Always conversation.item.created.

item object

Conversation item to add.

Properties

id string

Conversation item ID.

object string

Always realtime.item.

status string

Item status.

role string

Message role.

content string

Message content.

conversation.item.input_audio_transcription.completed

Provides transcription results after user audio is buffered. Transcription is processed by the gummy-realtime-v1 speech recognition model.

Transcribed text from the speech recognition model may differ from text processed by the Qwen-Omni-Realtime model — for reference only.

event_id string

Unique event identifier.

{
    "event_id": "event_FrrZcxiDfTB9LD9p4pVng",
    "type": "conversation.item.input_audio_transcription.completed",
    "item_id": "item_YbAiGvK2H7YaS34o4R6Ba",
    "content_index": 0,
    "transcript": "Hello."
}

type string

Always conversation.item.input_audio_transcription.completed.

item_id string

User message item ID.

content_index integer

Currently fixed at 0.

transcript string

Transcribed text.

conversation.item.input_audio_transcription.failed

Returned when input audio transcription fails. Separate from the error event for easier issue identification.

event_id string

Unique event identifier.

{
  "type": "conversation.item.input_audio_transcription.failed",
  "item_id": "<item_id>",
  "content_index": 0,
  "error": {
    "code": "<code>",
    "message": "<message>",
    "param": "<param>"
  }
}

type string

Always conversation.item.input_audio_transcription.failed.

item_id string

User message item ID.

content_index integer

Currently fixed at 0.

error object

Error details.

Properties

code string

The error code.

message string

Error message.

param string

Error parameter.

response.created

Returned when generating a new model response.

event_id string

Unique event identifier.

{
    "event_id": "event_XuDavMzQN3KKepqGu3KRh",
    "type": "response.created",
    "response": {
        "id": "resp_HaVOPdbmX6vifiV5pAfJY",
        "object": "realtime.response",
        "conversation_id": "conv_FjJaccpnvwHNo9cPVuzGc",
        "status": "in_progress",
        "modalities": [
            "text",
            "audio"
        ],
        "voice": "Cherry",
        "output_audio_format": "pcm",
        "output": []
    }
}

type string

Always response.created.

response object

Response details.

Properties

id string

Response ID.

conversation_id string

Session ID.

object string

Always realtime.response.

status string

Response status.
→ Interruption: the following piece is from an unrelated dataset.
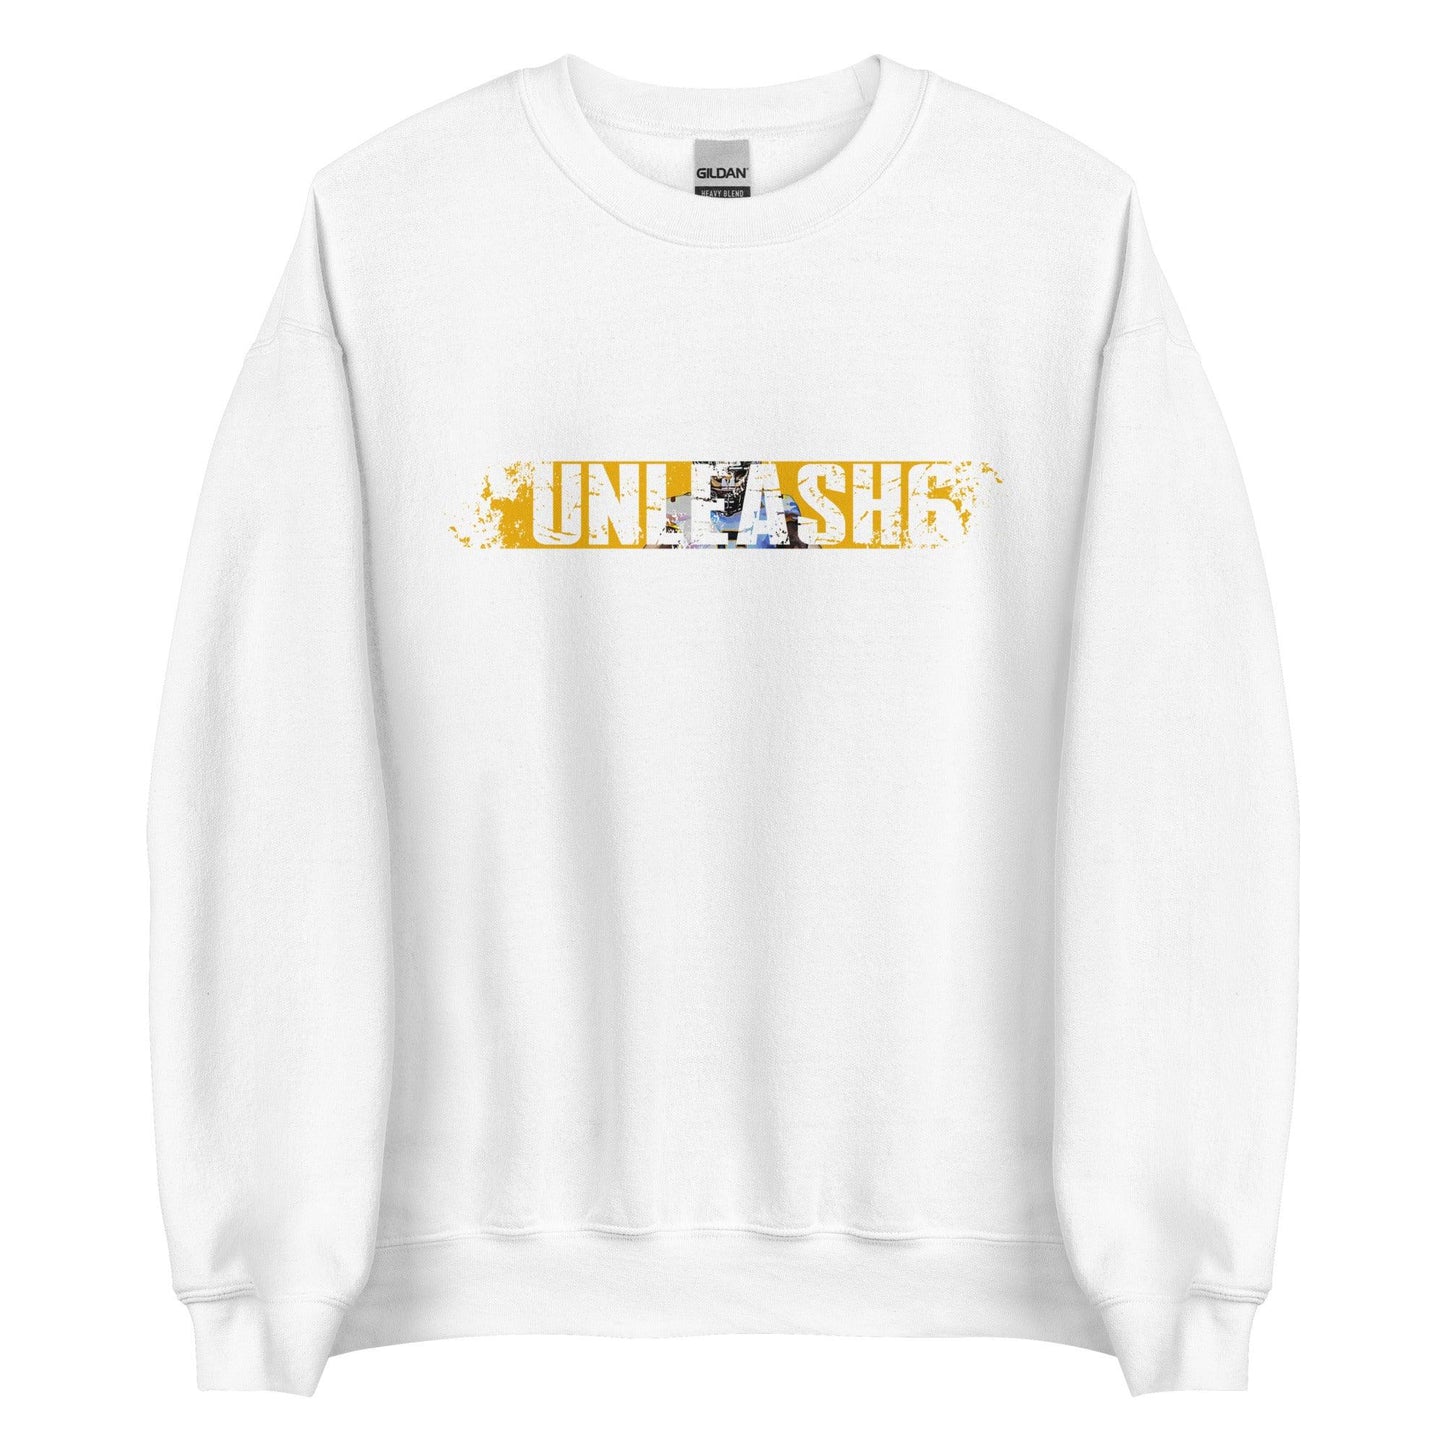 Dajon Richard "Unleash6" Sweatshirt - Fan Arch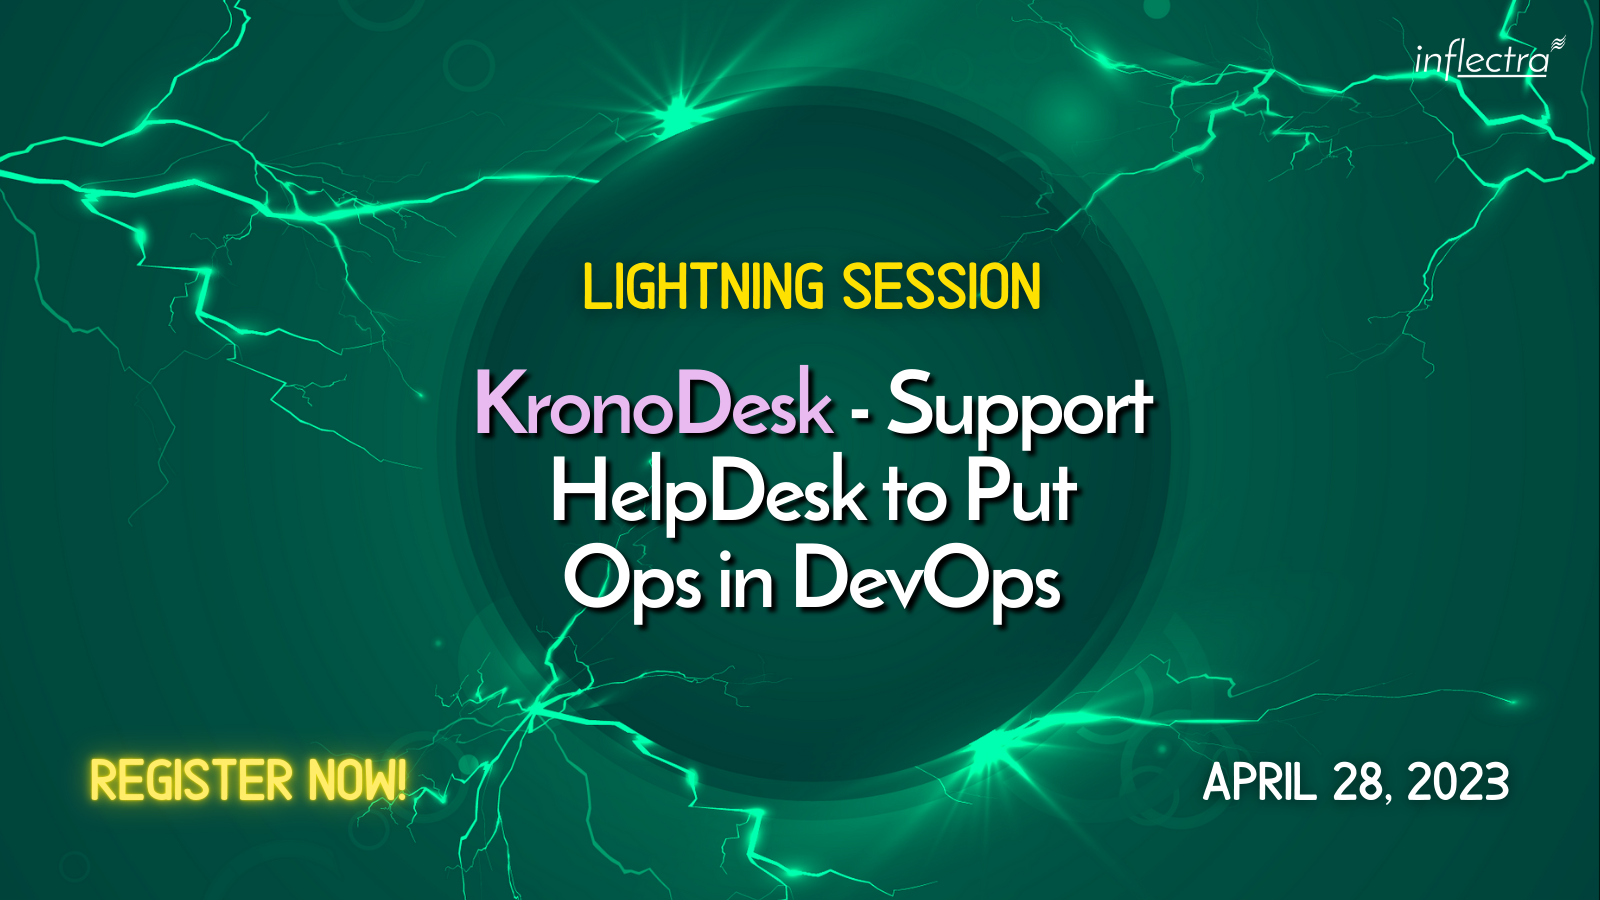 lightning-session-kronodesk-support-helpdesk-to-put-ops-in-devops-inflectra-image

Valid values: [completed, failed, in_progress, or incomplete].

modalities array

Response modalities.

voice string

The timbre of the audio generated by the model.

output string

Empty for this event.

response.done

Returned after response generation. The response object contains all output items except raw audio data.

event_id string

Unique event identifier.

{
    "event_id": "event_CSaxRRYLvbrfexDXAEuDG",
    "type": "response.done",
    "response": {
        "id": "resp_HaVOPdbmX6vifiV5pAfJY",
        "object": "realtime.response",
        "conversation_id": "conv_FjJaccpnvwHNo9cPVuzGc",
        "status": "completed",
        "modalities": [
            "text",
            "audio"
        ],
        "voice": "Cherry",
        "output_audio_format": "pcm",
        "output": [
            {
                "id": "item_Ls6MtCUWO7LM4E59QziNv",
                "object": "realtime.item",
                "type": "message",
                "status": "completed",
                "role": "assistant",
                "content": [
                    {
                        "type": "audio",
                        "transcript": "Hello! Is there anything I can help you with?"
                    }
                ]
            }
        ],
        "usage": {
            "total_tokens": 377,
            "input_tokens": 336,
            "output_tokens": 41,
            "input_tokens_details": {
                "text_tokens": 228,
                "audio_tokens": 108
            },
            "output_tokens_details": {
                "text_tokens": 9,
                "audio_tokens": 32
            }
        }
    }
}

type string

Always response.done.

response object

Response details.

Properties

id string

Response ID.

conversation_id string

Session ID.

object string

Always realtime.response.

status string

Response status.

modalities array

Response modalities.

voice string

The timbre of the audio generated by the model.

output object

Response output.

Properties

id string

Output item ID.

type string

Output item type. Currently message.

object string

Always realtime.item.

status string

Output item status.

role string

Output item role.

content array

Output item content.

Properties

type string

The type of the output content. The value is text if the output is plain text, or audio if the output includes audio.

text string

Text content.

transcript string

Audio transcript.

usage object

Token usage for this response.

response.text.delta

Returned when model incrementally generates text (text-only output modality).

event_id string

Unique event identifier.

{
    "delta": "Hello",
    "event_id": "event_TH49MauuPmRo1RGaMSlP7",
    "type": "response.text.delta",
    "response_id": "resp_PrRSvPVpnCExdUOGHHLuP",
    "item_id": "item_L8IRm9kRXFpxoOjDqDC96",
    "output_index": 0,
    "content_index": 0
}

type string

Always response.text.delta.

delta string

Incremental text.

response_id string

Response ID.

item_id string

Message item ID. You can use this ID to associate items from the same message.

output_index integer

Output item index in response. Currently fixed at 0.

content_index integer

Content part index within output item. Currently fixed at 0.

response.text.done

Returned when model finishes generating text (text-only output modality).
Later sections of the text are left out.